BACKGROUND AND PURPOSE: Epidemiological studies suggest that white matter hyperintensities (WMH) are extremely heritable, but the underlying genetic variants are largely unknown. Pathophysiological heterogeneity is known to reduce the power of genome-wide association studies (GWAS). Hypertensive and nonhypertensive individuals with WMH might have different underlying pathologies. We used GWAS data to calculate the variance in WMH volume (WMHV) explained by common single nucleotide polymorphisms (SNPs) as a measure of heritability (SNP heritability [HSNP]) and tested the hypothesis that WMH heritability differs between hypertensive and nonhypertensive individuals. METHODS: WMHV was measured on MRI in the stroke-free cerebral hemisphere of 2336 ischemic stroke cases with GWAS data. After adjustment for age and intracranial volume, we determined which cardiovascular risk factors were independent predictors of WMHV. Using the genome-wide complex trait analysis tool to estimate HSNP for WMHV overall and within subgroups stratified by risk factors found to be significant in multivariate analyses.

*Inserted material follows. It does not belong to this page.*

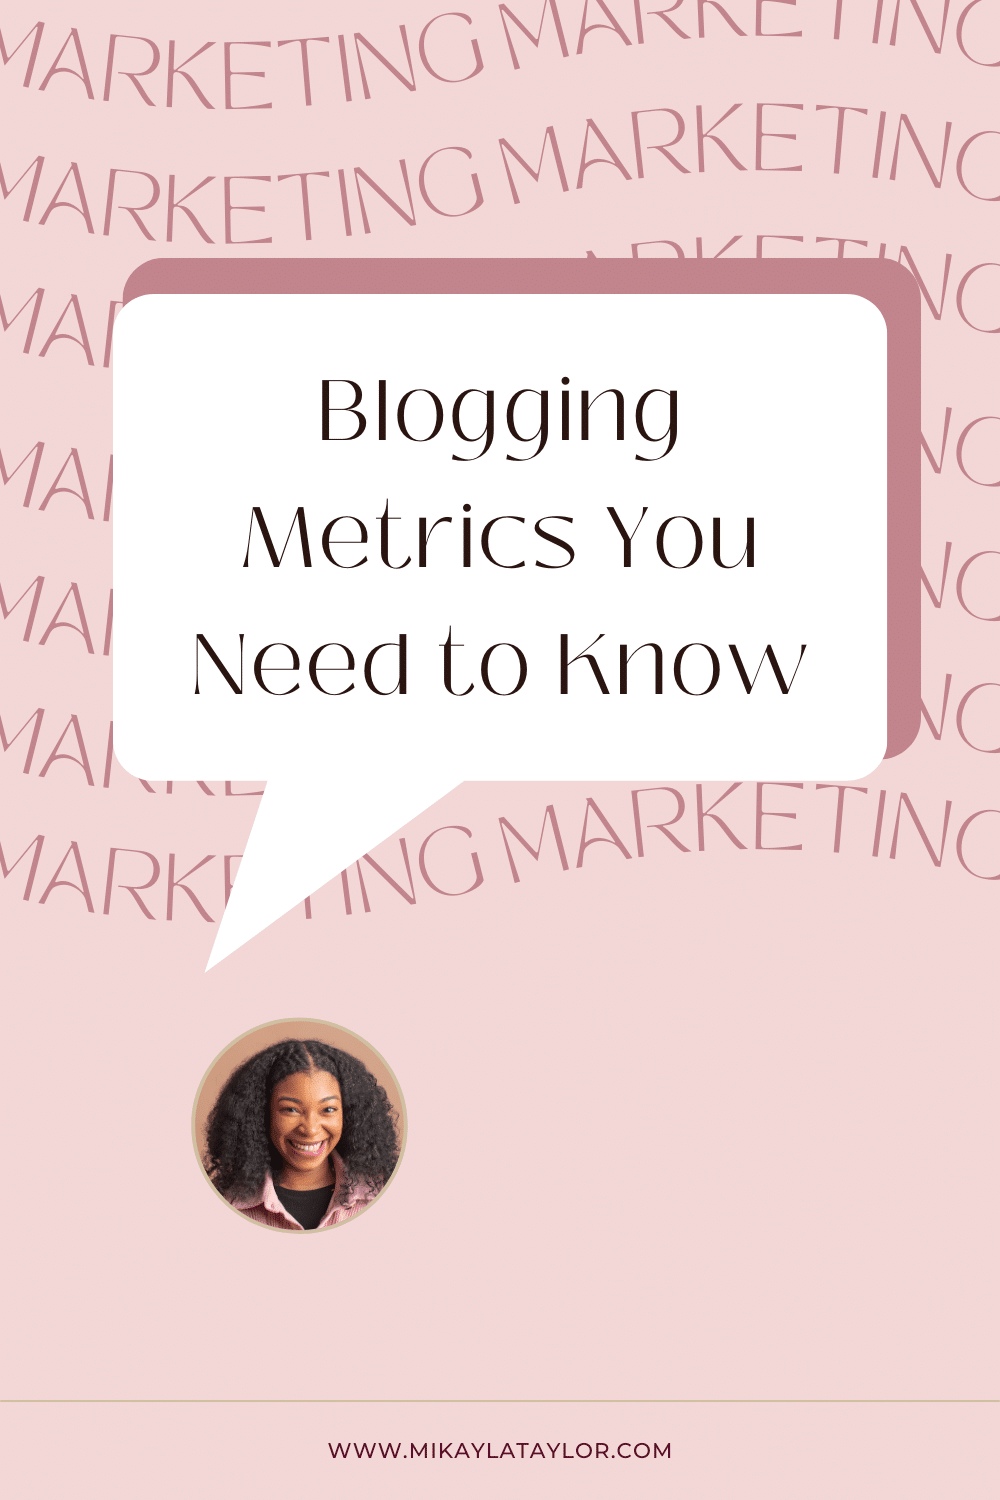 Blogging Metrics You Need to Know - Mikayla Taylor Pinterest

RESULTS: A significant proportion of the variance of WMHV was attributable to common SNPs after adjustment for significant risk factors (HSNP=0.23; P=0.0026). HSNP estimates were higher among hypertensive individuals (HSNP=0.45; P=7.99×10(-5)); this increase was greater than expected by chance (P=0.012). In contrast, estimates were lower, and nonsignificant, in nonhypertensive individuals (HSNP=0.13; P=0.13). CONCLUSIONS: A quarter of variance is attributable to common SNPs, but this estimate was greater in hypertensive individuals. These findings suggest that the genetic architecture of WMH in ischemic stroke differs between hypertensives and nonhypertensives. Future WMHV GWAS studies may gain power by accounting for this interaction.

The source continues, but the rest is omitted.